__YOUR TASK__: The reply must consist of the complete listing, reproduced exactly, with no images included.
### DATA ###
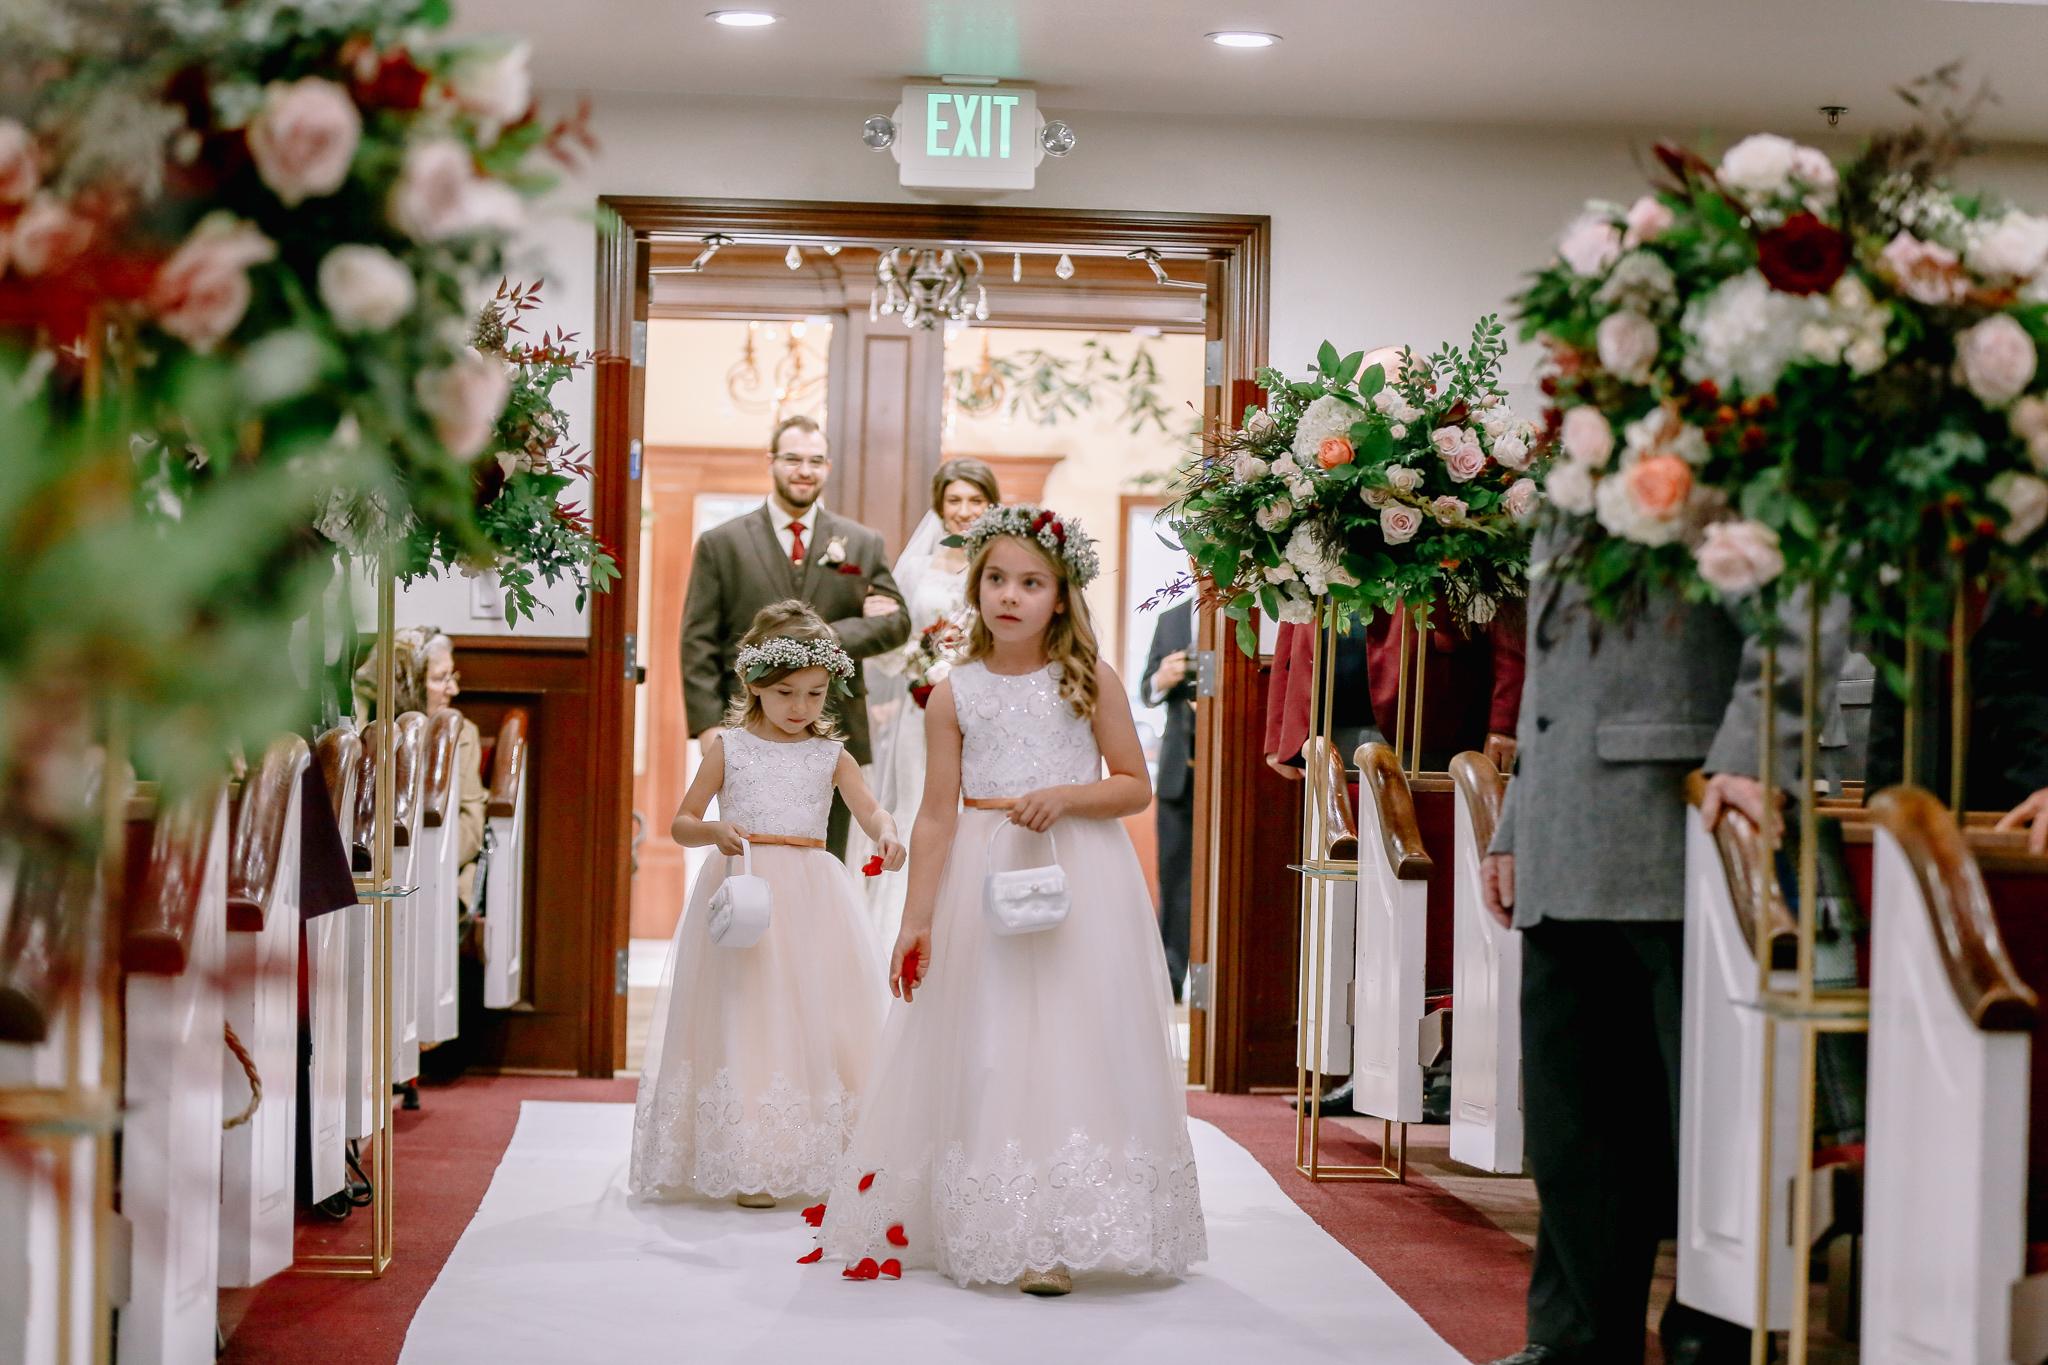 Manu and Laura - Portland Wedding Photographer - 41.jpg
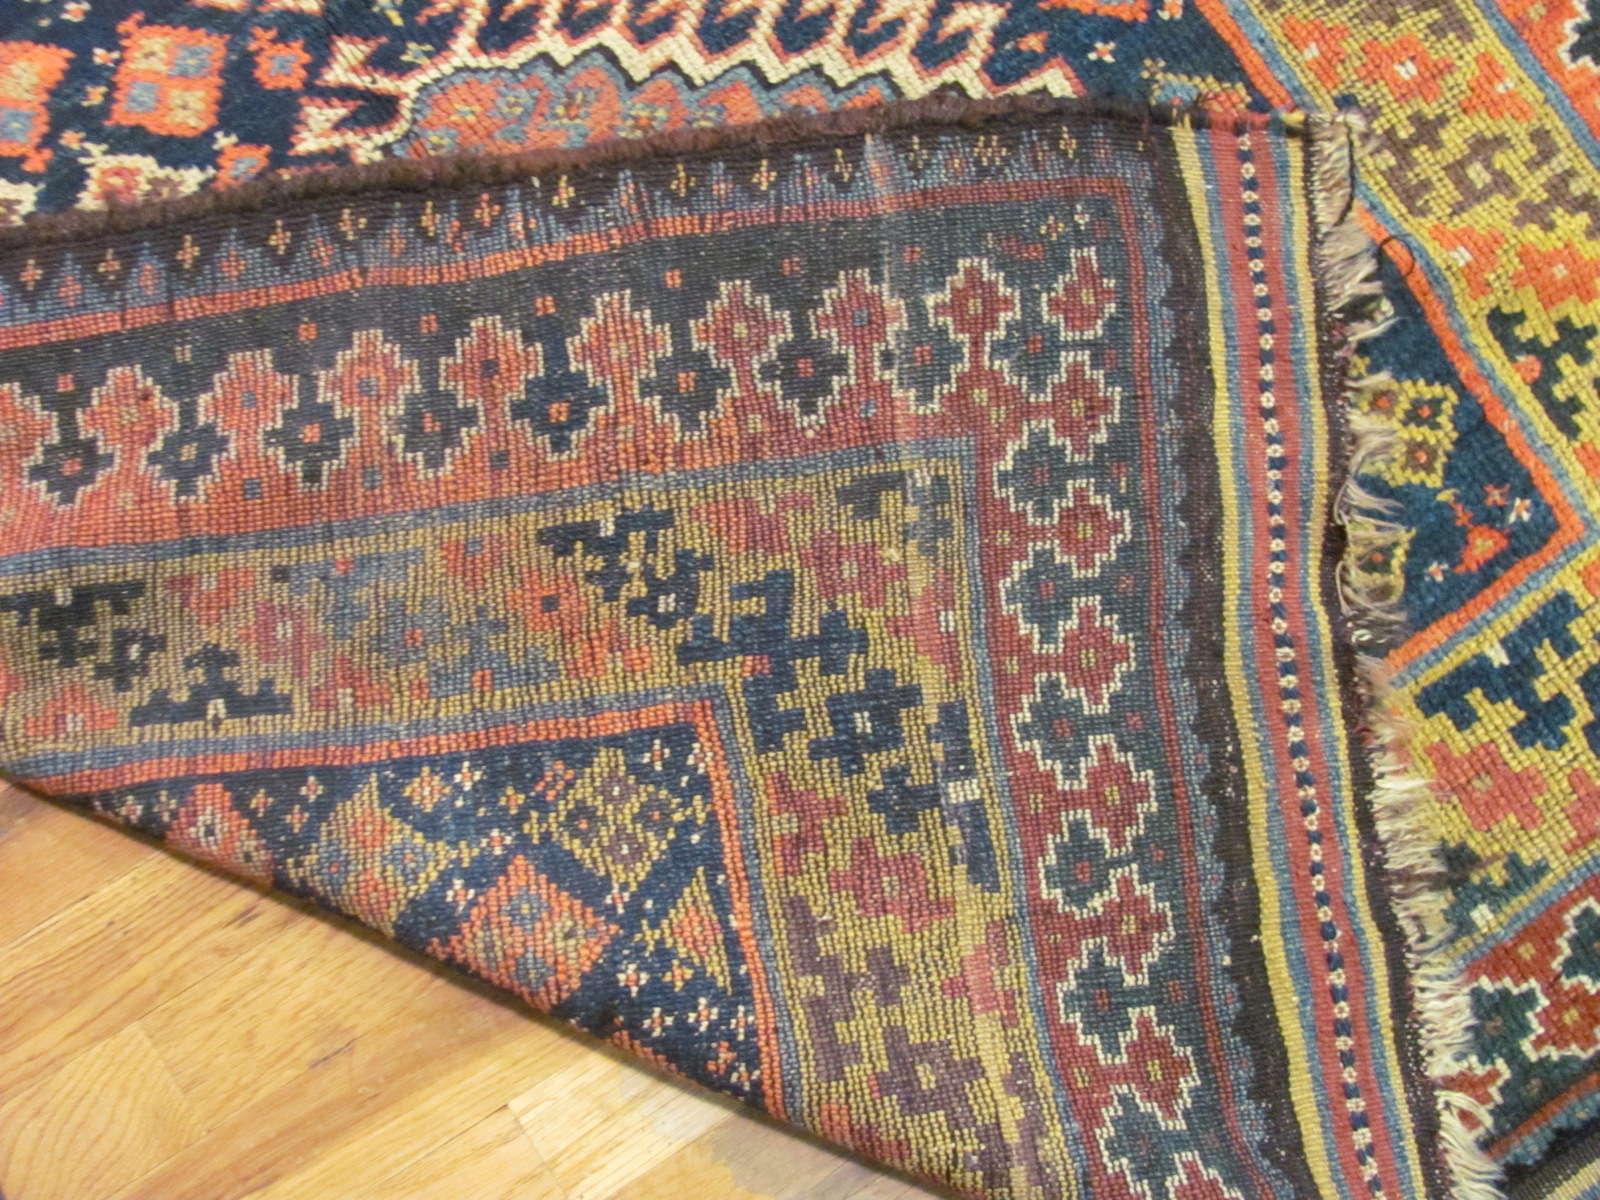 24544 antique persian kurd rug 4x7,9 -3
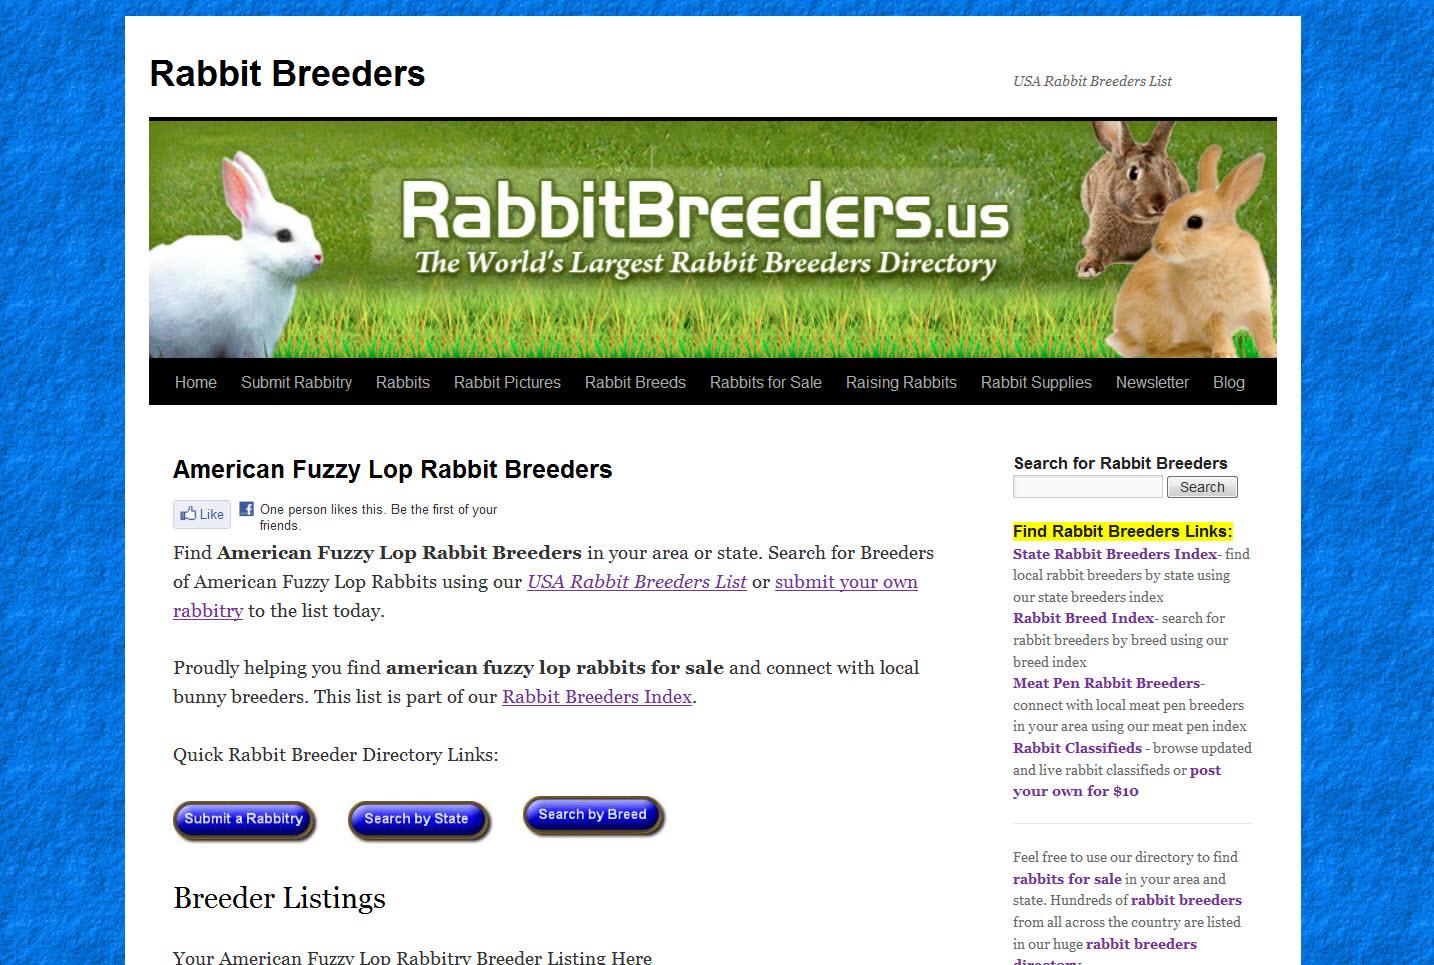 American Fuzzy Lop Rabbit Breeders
###
__EXERCISE SOLUTION__:
 Manu and Laura - Portland Wedding Photographer - 41.jpg
 24544 antique persian kurd rug 4x7,9 -3
 American Fuzzy Lop Rabbit Breeders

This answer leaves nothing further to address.